Hi guys! I ll be happy to find some new friends around here. Anybody from colchester? Nice forum btw!


----------



## franki3 (Oct 11, 2009)

Hello mate I live near stanstead but train in Braintree so not far from ya!

Welcome to the forum bud!


----------



## james22 (Apr 29, 2008)

Im Chelmsford, train occasionally around colchester and witham!


----------



## smudge13 (Jan 29, 2011)

Hello mate

Cheers for the info you posted on the Clen thread every bit of info appreciated as this will be my first time..


----------



## anabolic_edition (Feb 6, 2011)

smudge13 said:


> Hello mate
> 
> Cheers for the info you posted on the Clen thread every bit of info appreciated as this will be my first time..


No probs mate. I gotta warn u about some handshakings for 10-20min after taking each pill, so u have to drink looots of water. And also the worst thing about Clen are some painfull muscle cramps :attention: Today i got one of them. But u ll get used to it


----------



## anabolic_edition (Feb 6, 2011)

Cheers for the welcome guys! If anybody comes around Colch we can arrange a training together and exchenge some info bout gym stuffs.


----------



## muscletech_jay (Dec 11, 2008)

Hello mate I am from Braintree but av trained a few times in Hercules in Colchester. Bit old school but I like it, maybe u could come and join us at Braintree sometime open invite mate ? Welcome to the forum.


----------



## anabolic_edition (Feb 6, 2011)

beefy_jay said:


> Hello mate I am from Braintree but av trained a few times in Hercules in Colchester. Bit old school but I like it, maybe u could come and join us at Braintree sometime open invite mate ? Welcome to the forum.


Ye mate but i dont have a car now, but some day i might join you there.
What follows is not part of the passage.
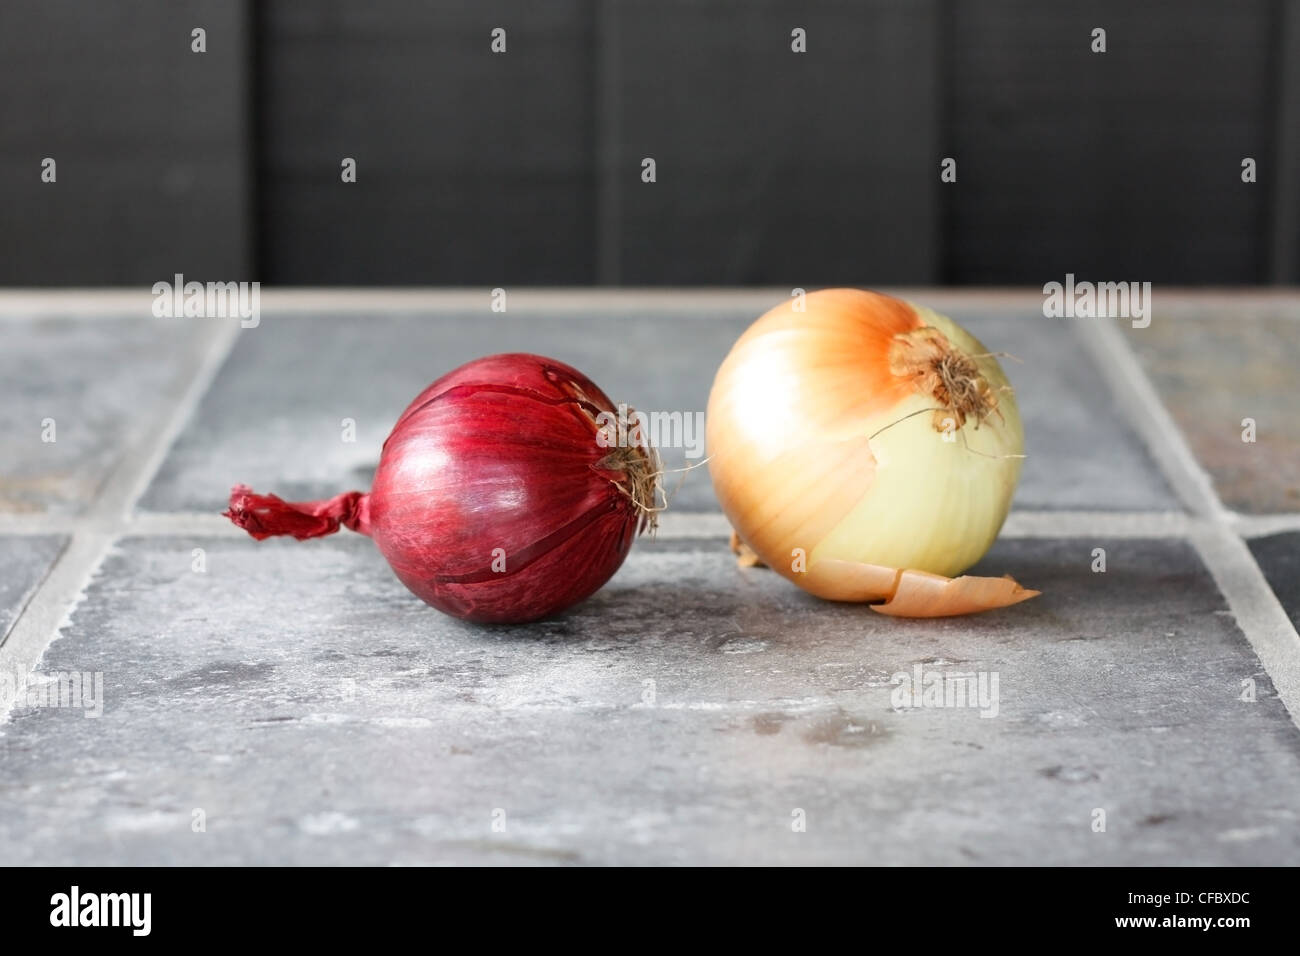 Onions in an outdoor kitchen Stock Photo

I train in the uni gym here, its cheap and nice.


----------



## BigCon6409 (Apr 6, 2012)

Alright mate, im new to the forum aswell. I live up in Ipswich


----------



## muscletech_jay (Dec 11, 2008)

hello and welcome to the forum big con


----------



## BigCon6409 (Apr 6, 2012)

beefy_jay said:


> hello and welcome to the forum big con


cheers mate :becky:


----------